Земля заполняет собой весь иллюминатор со стеклом толщиной в четыре дюйма: сине-зеленая, окутанная облаками и очень, очень красивая. Она такая большая, что, кажется, можно протянуть руку и коснуться ее. Томас находится на высокой околоземной орбите, на высоте 22 000 миль над поверхностью нашей планеты, и очень скоро ему предстоит полететь в пустоту, удаляясь от Земли со скоростью 26,5 километра в секунду. Тогда она уменьшится до ничтожных размеров, став лишь крапинкой на бархатном покрывале космоса. Томас закрывает глаза и слушает музыку, говоря себе, что, конечно же, он сделал правильный выбор, и это именно то, чего он хотел.
Мир Томаса представляет собой вытянутую шестиугольную камеру тридцать футов в длину, где на одном конце громоздится приборная панель, а на другом – большой люк, ведущий в переходной шлюз, за которым открывается огромная, бесконечная пустота.
Томас нечасто бывает на том конце капсулы.

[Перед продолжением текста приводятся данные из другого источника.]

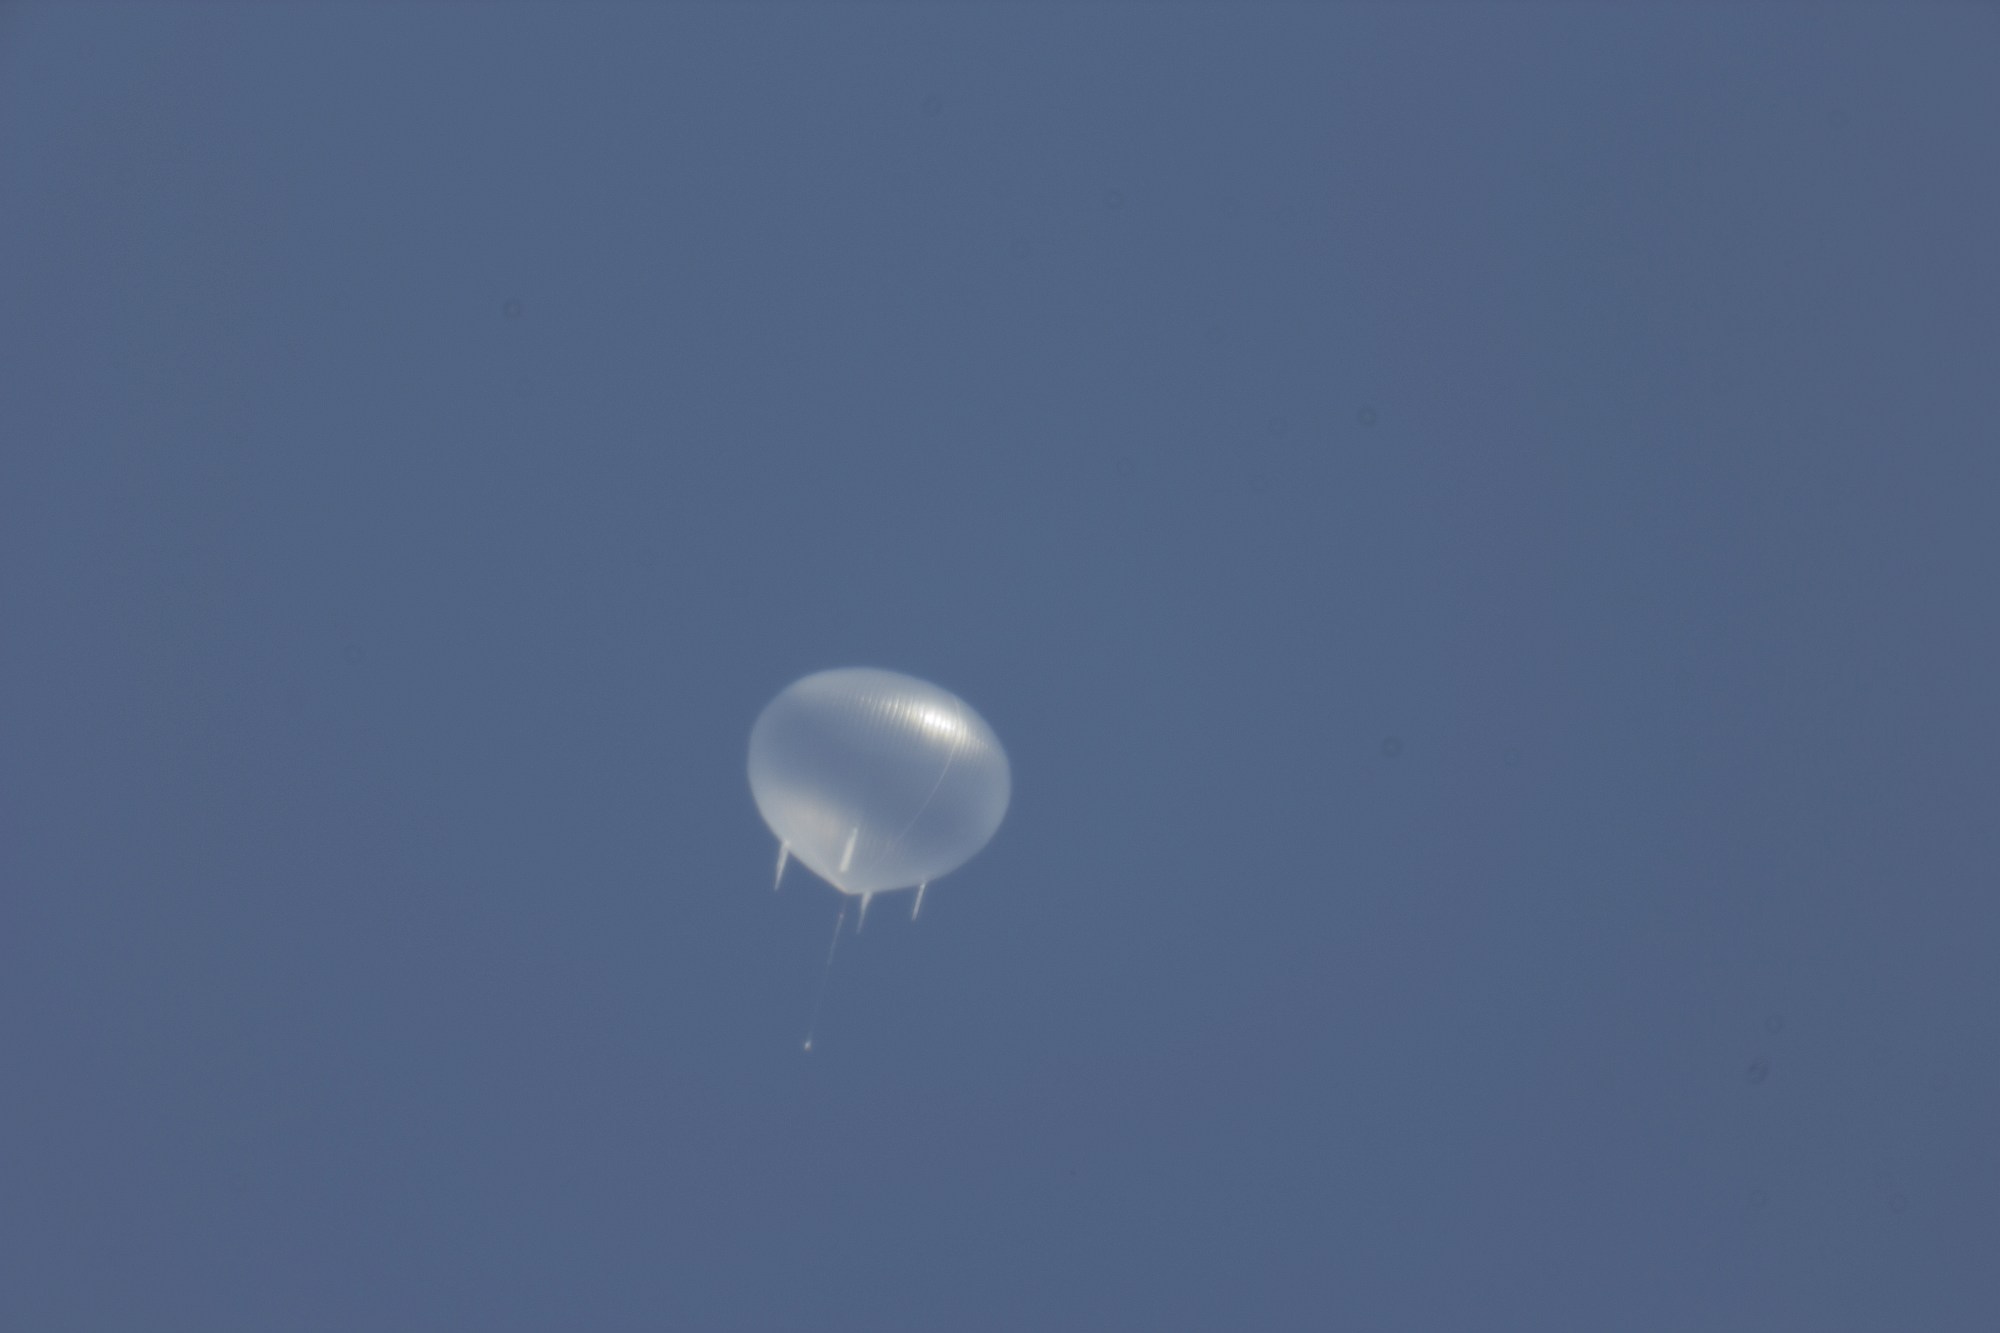 The view of the SMILE balloon at float altitude, fully expanded (Image: David McDonald)

Все пространство вдоль стен заполнено электроникой, хотя Томасу известно предназначение меньше половины всего этого; за рядом дверей скрываются отсеки для хранения, наполненные разнообразной провизией – главным образом сухой, – предназначенной для поддержания его жизнедеятельности в течение полета; и есть еще беговая дорожка, к которой он пристегивается для тренировок, чтобы его мышцы окончательно не атрофировались.
Это во всех отношениях его дом. Здесь тоже есть свои рутинные дела, как и дома, но вместо того чтобы отправляться на работу, а по возвращении сидеть перед телевизором или слушать музыку, пока готовится ужин, Томас начинает свой день в застегнутом спальном мешке. Он пытался спать без каких-либо приспособлений, паря в невесомости, но тогда его просто присасывало к решетке вентиляционной системы. Затем он готовит себе завтрак – какую-нибудь безвкусную сухую еду или питательный фруктовый батончик, – а потом совершает гигиенические процедуры и пользуется туалетом, что всегда довольно забавно. Утро проходит за проверкой всех систем корабля, далее следуют физические упражнения, а потом ему полагается заниматься изучением списка задач, которые он должен выполнить, когда высадится на Марс, и главная из них – остаться в живых.
Музыка прерывается, и вместо нее раздается резкий, настойчивый, жужжащий звук. Томас отворачивается от иллюминатора и мира, отталкивается от стены и переплывает в невесомости к закрепленному на стене монитору, где висят в воздухе его сборник кроссвордов и карандаш. На экране высвечивается «входящий вызов».
«Ну потрясающе», – произносит он шепотом, в то время как экран заполняется хаотичной мозаикой пикселей, превращающихся наконец в запаздывающее изображение людей в костюмах, собравшихся гурьбой перед бесконечными рядами компьютерных терминалов с сидящими за ними техническими специалистами.
– Земля вызывает майора Тома! – говорит человек, стоящий в центре этого сборища – высокий и худой, с зачесанными назад темными волосами. – Выходите к нам, майор Том!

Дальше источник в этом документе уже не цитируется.